The glut of houses on the market plus foreclosures are...

The glut of houses on the market plus foreclosures are driving down the price of homes nationwide. In some areas prices have hit the lowest point since the housing bubble burst. Despite the cute sign this house in Chagrin Falls, Ohio, has stiff odds for a sale. (May 23, 2011) Credit: AP

An index of home prices in large metropolitan areas has fallen to its lowest level since 2003, a new national report says.

Standard & Poor's Case-Schiller 20-City Composite Index fell by 3.63 percent in March compared with a year earlier. Home prices declined in every city in the index except Washington, D.C., which gained 4.3 percent. The biggest drop was in Minneapolis where prices fell by 10 percent in March compared with a year earlier.

Locally, prices in the metropolitan area fell by 3.4 percent during that time. "Home prices continue on their downward spiral with no relief in sight," said Standard & Poor's index committee chairman David Blitzer in announcing the figures. The rebound in prices in 2009 and 2010 was largely due to a now-expired federal tax credit for first-time home buyers, he said.

"Excluding the results of that policy, there has been no recovery or even stabilization in home prices during or after the recent recession."

The latest price data underscored the economic downturn's tenacity as unemployment remains stubbornly high -- around 9 percent -- while many homeowners struggle to pay for homes worth less than their mortgages. Home ownership has fallen, dropping to 66.4 percent in the first quarter compared with a peak in the past decade of 69.4 percent in 2004, according to census data.
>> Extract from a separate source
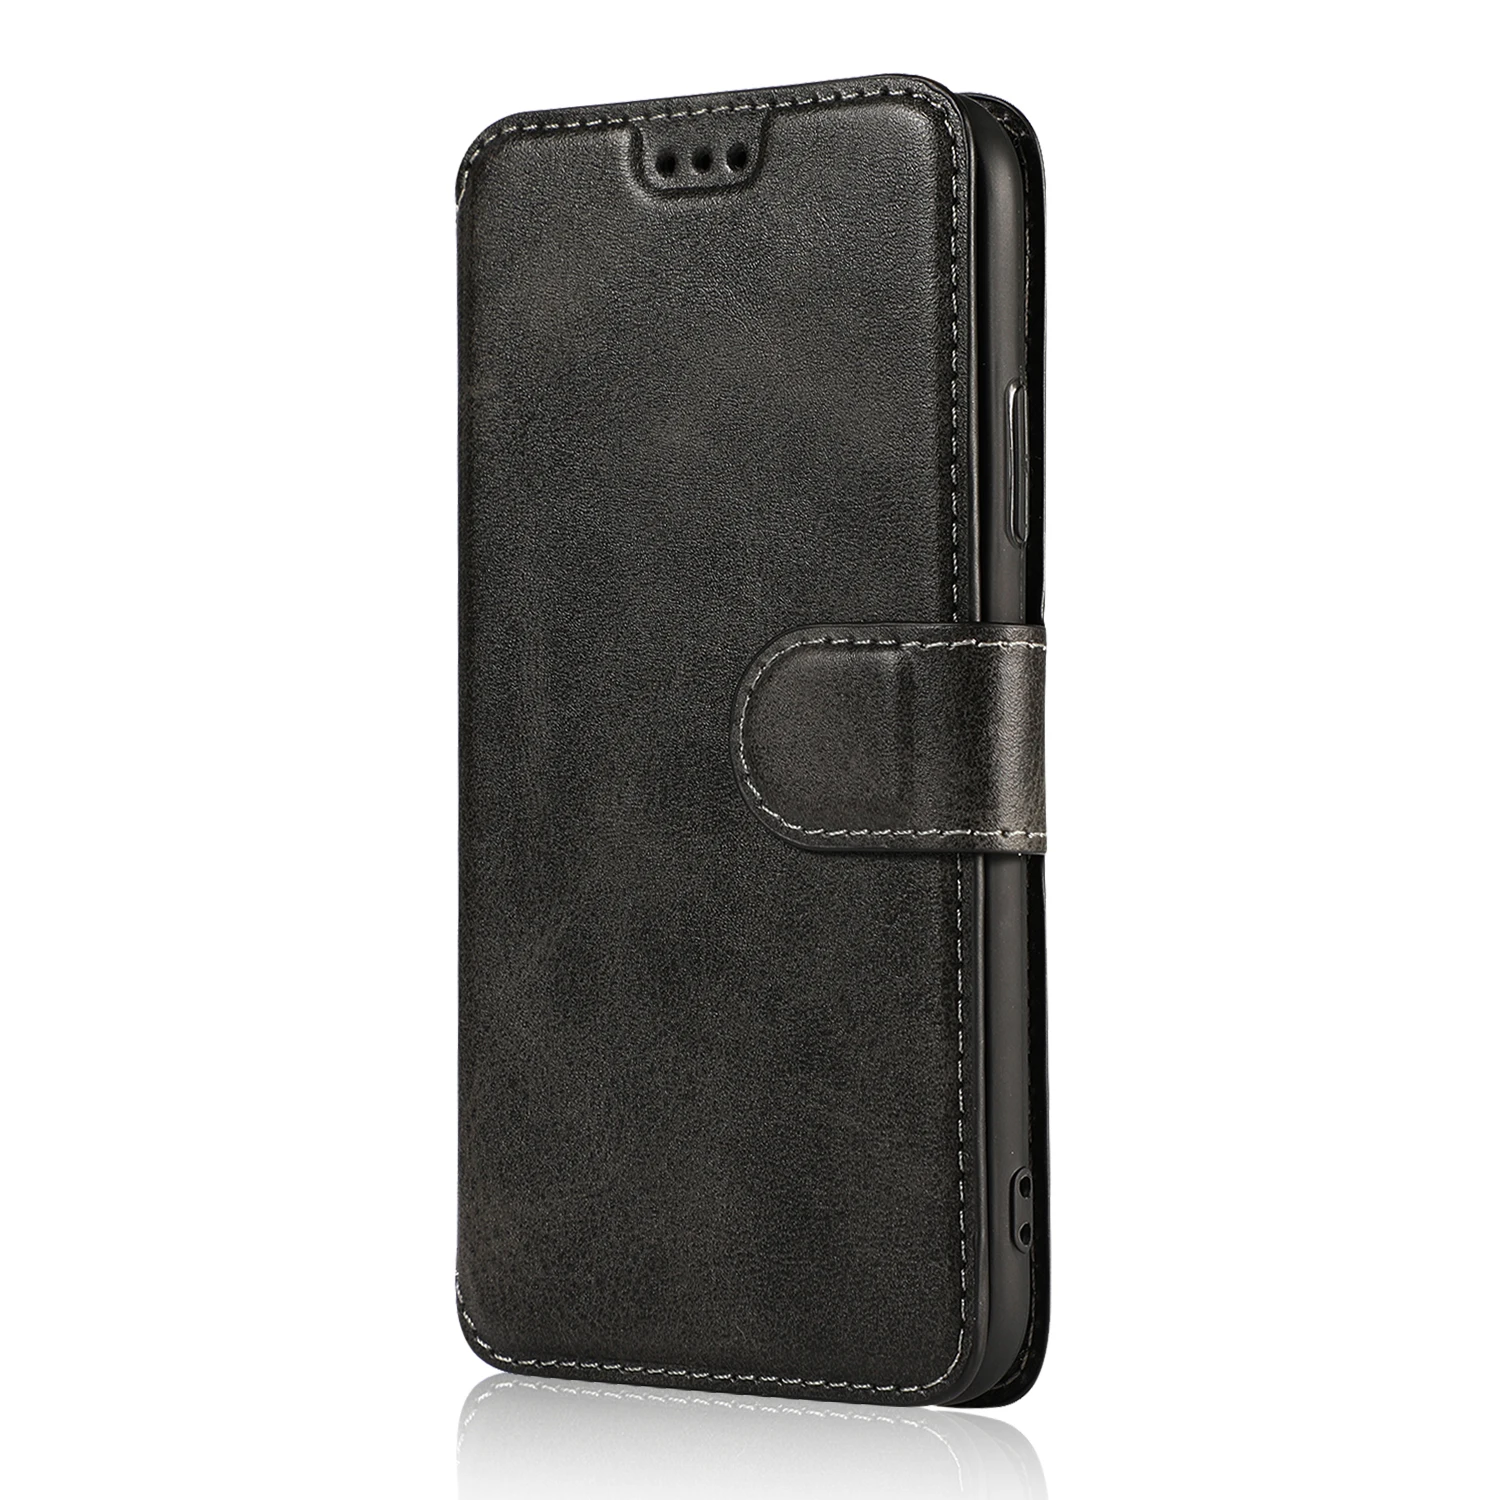 Роскошный кожаный флип-чехол в стиле ретро для Iphone Xs Max Xr X 8 7 6 6s Plus Etui держатель для карт кошелек Подставка для телефона чехол для Iphone 5 5S se - Цвет: Black zhiyue

Kate Koplinka, a broker associate at Coldwell Banker in Moriches, said convincing owners who bought at the top of the market to take a financial hit to sell their homes is a hard part of her job.

"There's a price to stay and there's a price to go," Koplinka said. "If they want to move down to Florida to be with family . . . maybe it's better for them to take the loss." She encourages people who want to sell in the next few years to do so because "the forecasts are not looking too optimistic."

National Association of Realtors spokesman Walter Molony said prices were in a trough and would begin to improve next year. "Foreclosures appear to be peaking and will be gradually declining next year as the toxic loan resets work their way through the market, and fairly stable prices keep additional households from going under water," Molony said in an email.

According to the real estate Web site Trulia.com, condo and single-family homeowners have reduced their asking price on 25.9 percent of the 20,132 listings in Suffolk County and 28.7 percent of listings in Nassau County in the past year.

When Jeni Pentola and her husband were expecting their second child in 2007, they wanted to move out of the two-bedroom co-op at Forest Green in Islip to have more space. Before the market dropped, other co-ops were selling for $220,000, but by September of that year buyers had evaporated. They listed their property for $189,000 and have since dropped the price to $119,000, a price still higher than the $108,000 they paid in 2003.
"We are absolutely totally stuck in limbo," said Pentola, a 35-year-old Spanish interpreter. People come to look at the co-op, but lately they either don't have the credit to buy or they are still looking, she said.

"They're pickier because there's more to choose from," she said.